Conventional short-read sequencing technologies have severe limitations in detecting pathogenic SVs, potentially contributing to the low diagnostic rates (~30-40%) in clinical sequencing studies. Some of the reasons include the inability to provide information on breakpoints of intronic SVs, the inability to reliably resolve repeats longer than the read length, and the low power to detect balanced translocations or inversions. These limitations can be addressed by the new generation of long-read sequencing technologies, including 10X Genomics linked-read sequencing, PacBio/Nanopore long-read sequencing and Bionano optical mapping. We and others have shown that long-read sequencing is able to detect SVs far more comprehensively than short-read sequencing. Coupled with innovative bioinformatics analysis, long-read sequencing can identify pathogenic SVs missed by short-read sequencing, and even detect those traditional “unsequenceable” SVs. Furthermore, long-read sequencing can detect DNA and RNA modifications (such as 5mC, 4mC and 6mA methylations) directly, contributing to our understanding of the epigenetic regulation of human genome. We are developing novel methods and software tools to improve our understanding of long-read sequencing data, facilitate genetic discoveries and accelerate the implementation of precision medicine.

1. RepeatHMM

Microsatellite expansion, such as trinucleotide repeat expansion (TRE), is known to cause a number of genetic diseases. Sanger sequencing and next-generation short-read sequencing are unable to interrogate TRE reliably.
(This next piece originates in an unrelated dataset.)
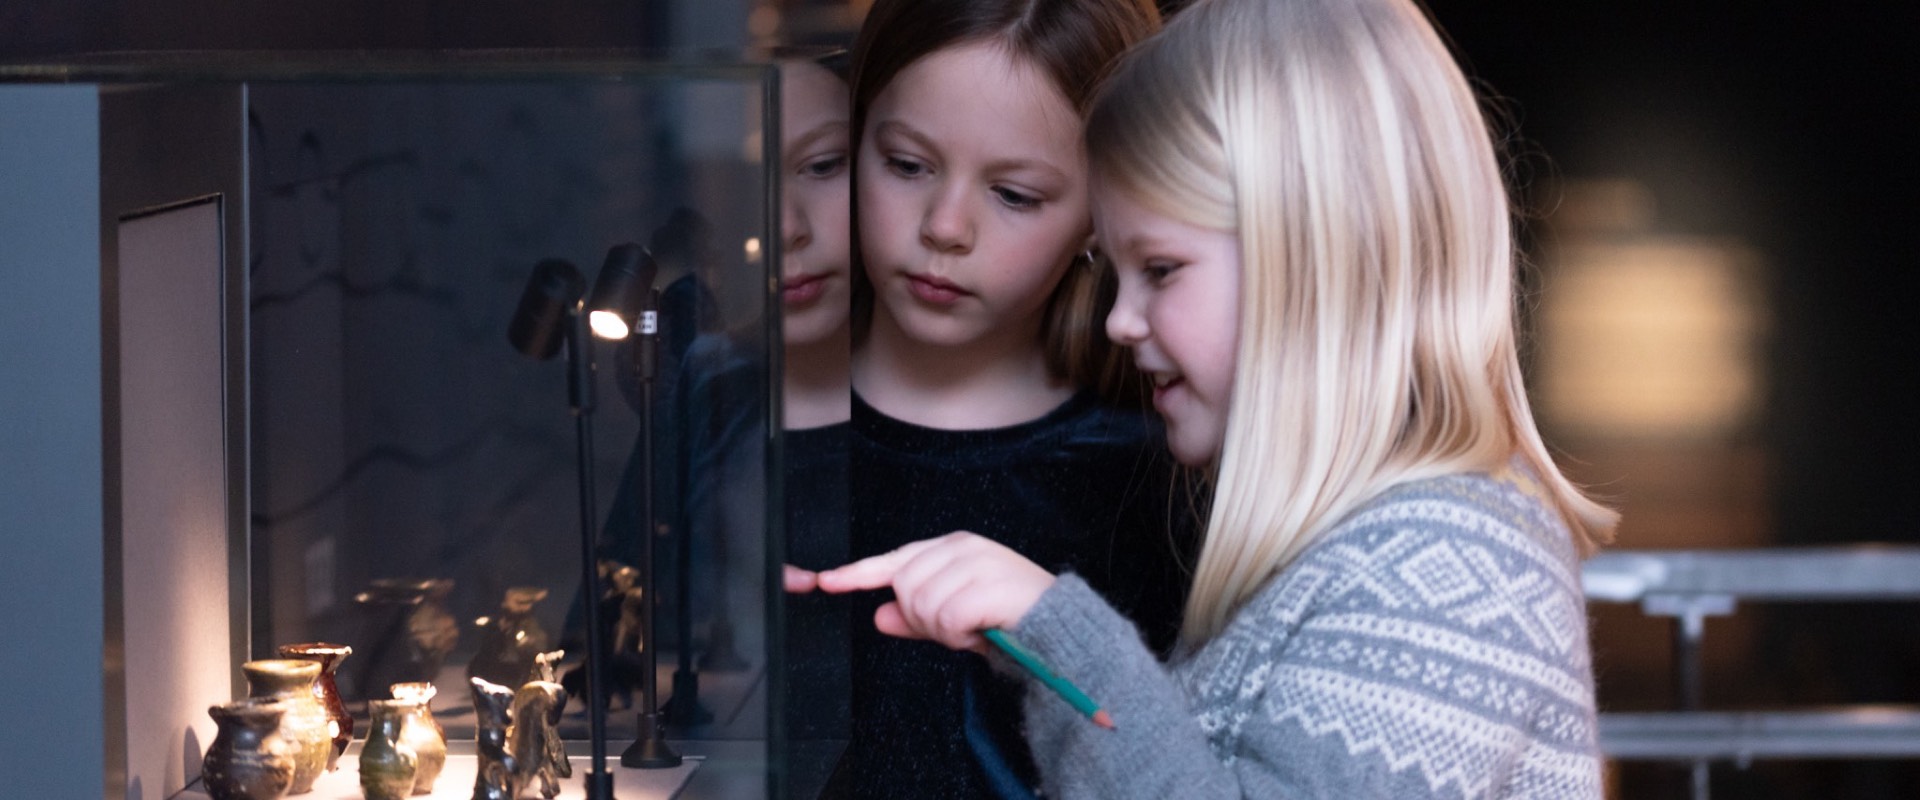 Bryggens Museum under jorden aktiviteter for barn

We developed a novel algorithm called RepeatHMM to estimate repeat counts from long-read sequencing data. Evaluation on simulation data, real amplicon sequencing data on two repeat expansion disorders, and whole-genome sequencing data generated by PacBio and Oxford Nanopore technologies showed superior performance over competing approaches. We concluded that long-read sequencing coupled with RepeatHMM can estimate repeat counts on microsatellites and can interrogate the “unsequenceable” genomic trinucleotide repeat disorders. For more details, see https://genomemedicine.biomedcentral.com/articles/10.1186/s13073-017-0456-7.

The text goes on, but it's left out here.